The Kb expression for the reaction in eq. 1 is:
Kb = [OH-][C5H5NH+]/[C5H5N][H2O]
Since water concentration is constant, we can write Kb as:
Kb = [OH-][C5H5NH+]/[C5H5N]
Now, let's look at the hydrolysis reaction in eq. 2:
C5H5NH+(aq) + H2O(l) = H3O+(aq) + C5H5N(aq)
By comparing eq. 2 to eq. 1, we can see that the hydrolysis reaction in eq. 2 is the reverse of the reaction in eq. 1.

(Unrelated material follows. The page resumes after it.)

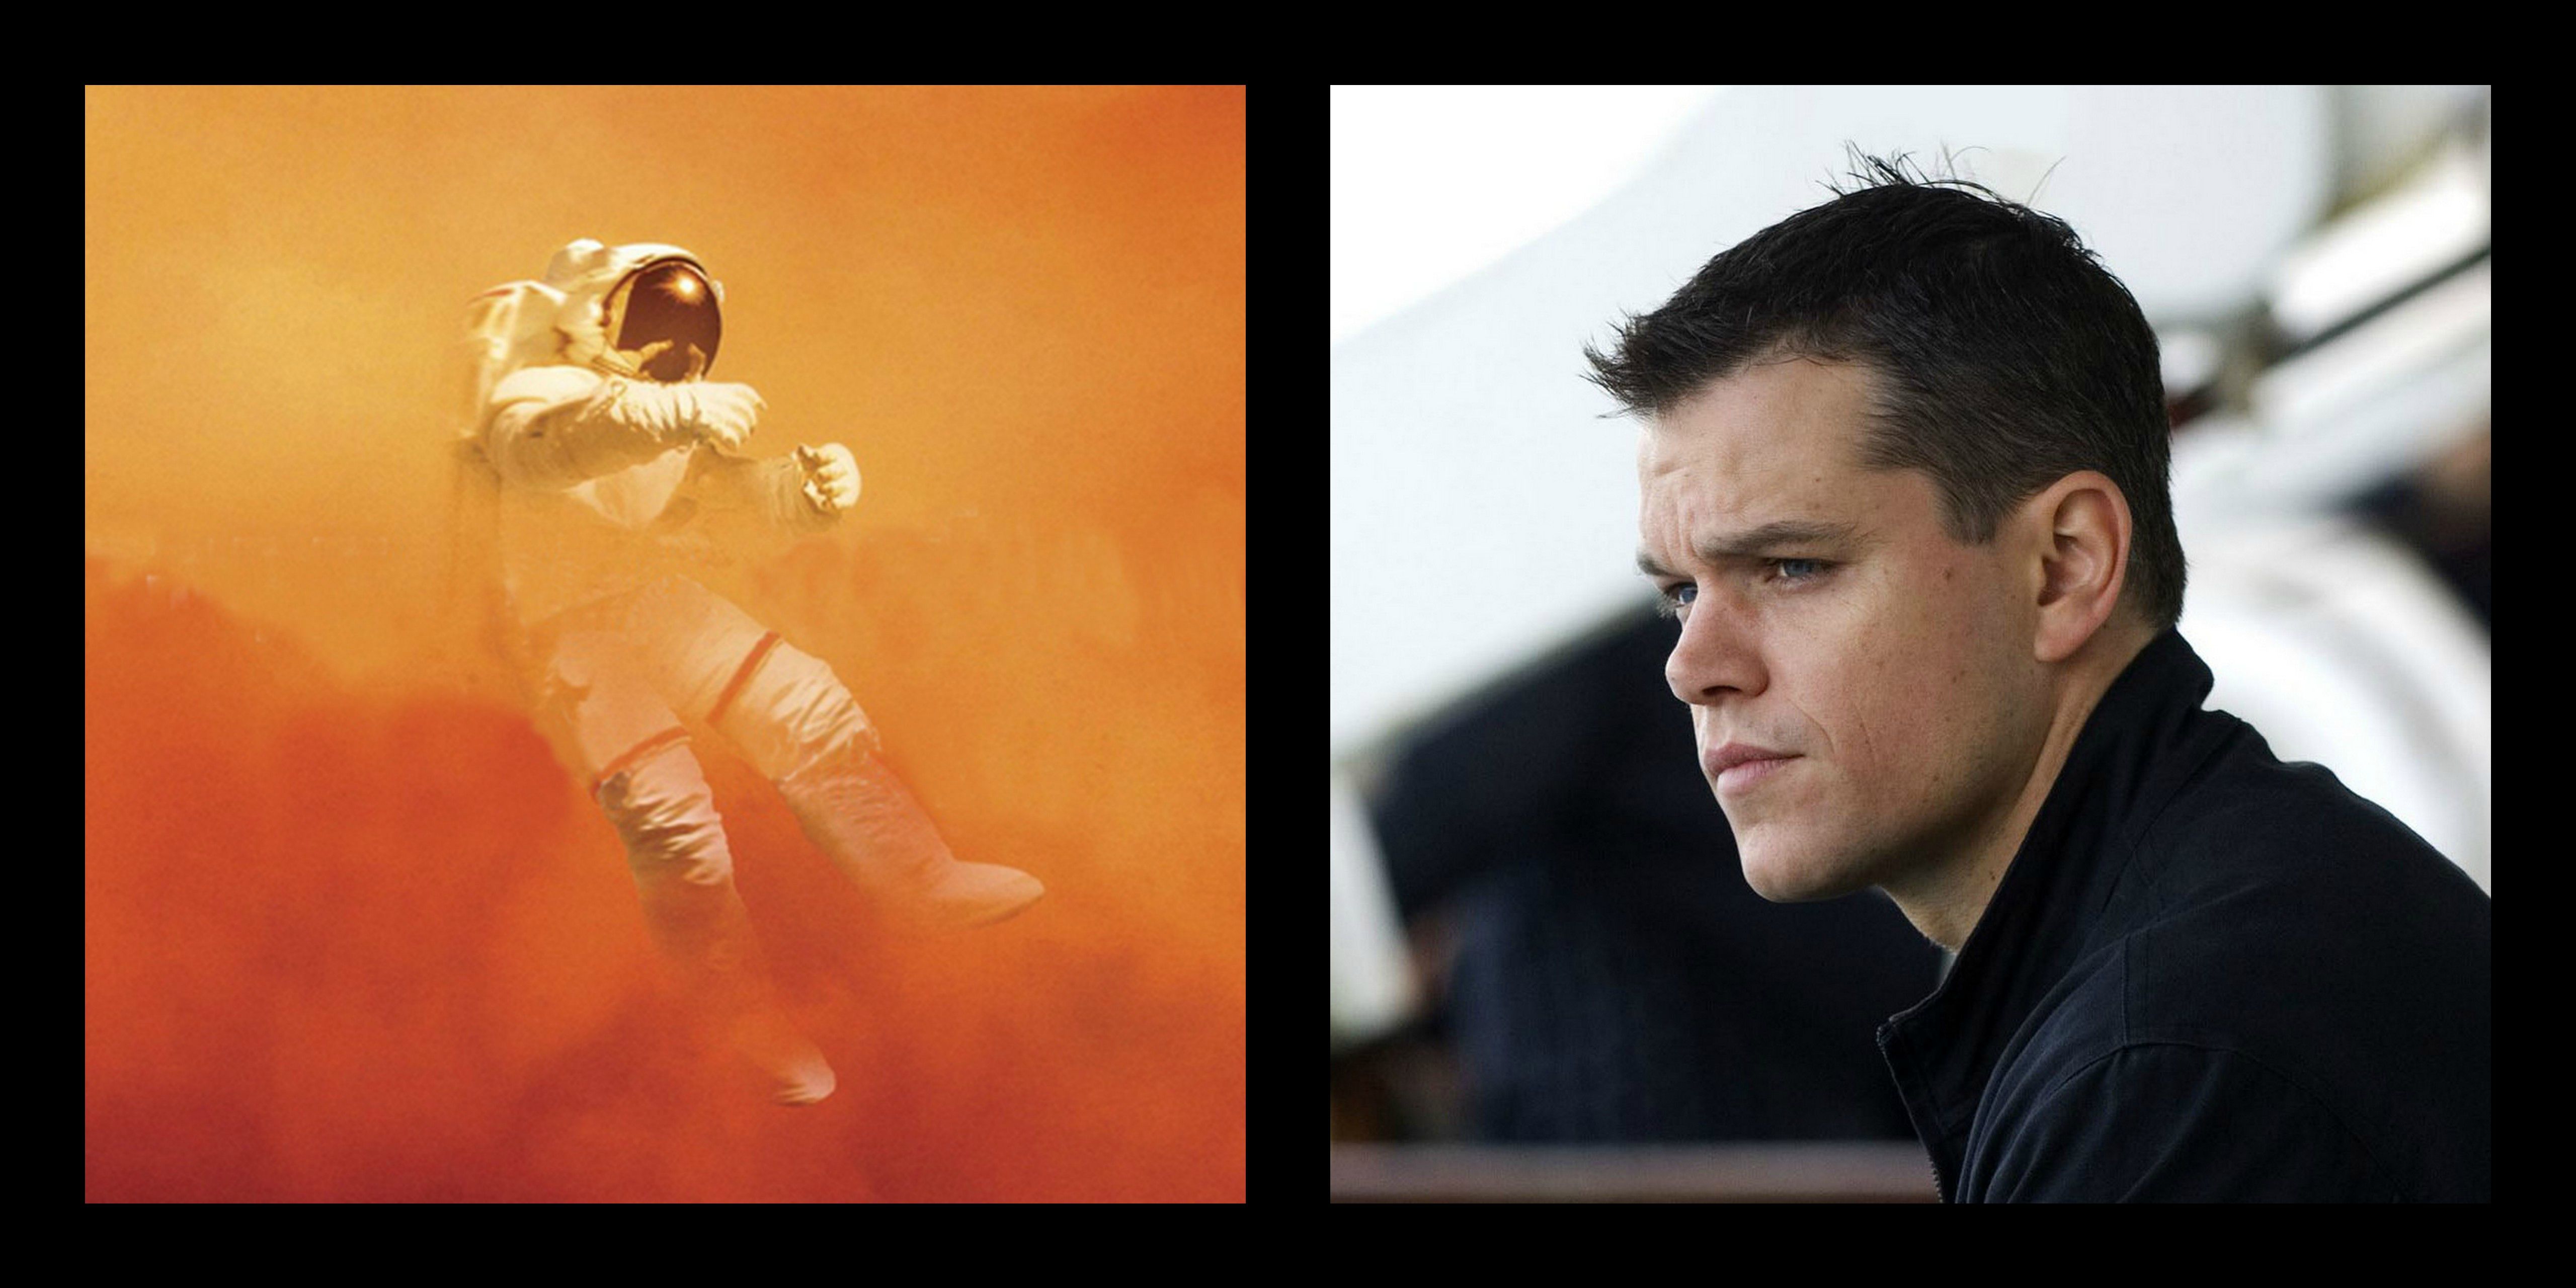 " The Martian"- Based on "The Martian" by Andy Weir, this movie will follow Mark Watney Matt Damon as he becomes stranded alone on Mars and must improvise in order to survive. It's "Apollo 13" meets "Cast Away". Release date: November 25th

Therefore, we can write the equilibrium constant expression (Ka) for eq. 2 as the reciprocal of Kb:
Ka = 1/Kb
Let's calculate Ka using this relationship:
Ka = 1/(1.40×10-9)
Ka ≈ 7.14 × 108
No problem! I'm here to help. To calculate the value of the equilibrium constant (Ka) for the reaction in equation 2, we can use the relationship between Ka and Kb for a conjugate acid-base pair.
The Ka and Kb values for a conjugate acid-base pair are related by the equation:
Kw = Ka * Kb
Where Kw is the equilibrium constant for the autoionization of water, which is equal to 1.0 x 10^-14 at 25°C.
In equation 1, the base dissociation equilibrium constant (Kb) for C5H5N is given as 1.40 x 10^-9. Using this value, we can calculate the corresponding value of Ka for the hydrolysis reaction in equation 2.
First, we need to determine the value of Kb for the conjugate base OH- in equation 1. Since Kw = Ka * Kb, we can rearrange the equation to solve for Kb:
Kb = Kw / Ka
Substituting the known values, we get:
Kb = (1.0 x 10^-14) / (1.40 x 10^-9)
Now that we have the value of Kb for OH-, we can use it to calculate Ka for the reaction in equation 2. Since Ka and Kb are related as conjugate acid-base pairs, we can simply switch the values:
Ka = Kw / Kb
Substituting the value of Kb, we get:
Ka = (1.0 x 10^-14) / Kb
Calculating this expression will give us the value of Ka for the hydrolysis reaction in equation 2.
Ka = (Kw/Kb).
Just remember that KaKb = Kw. The Ka and Kb are interchangeable with that formula.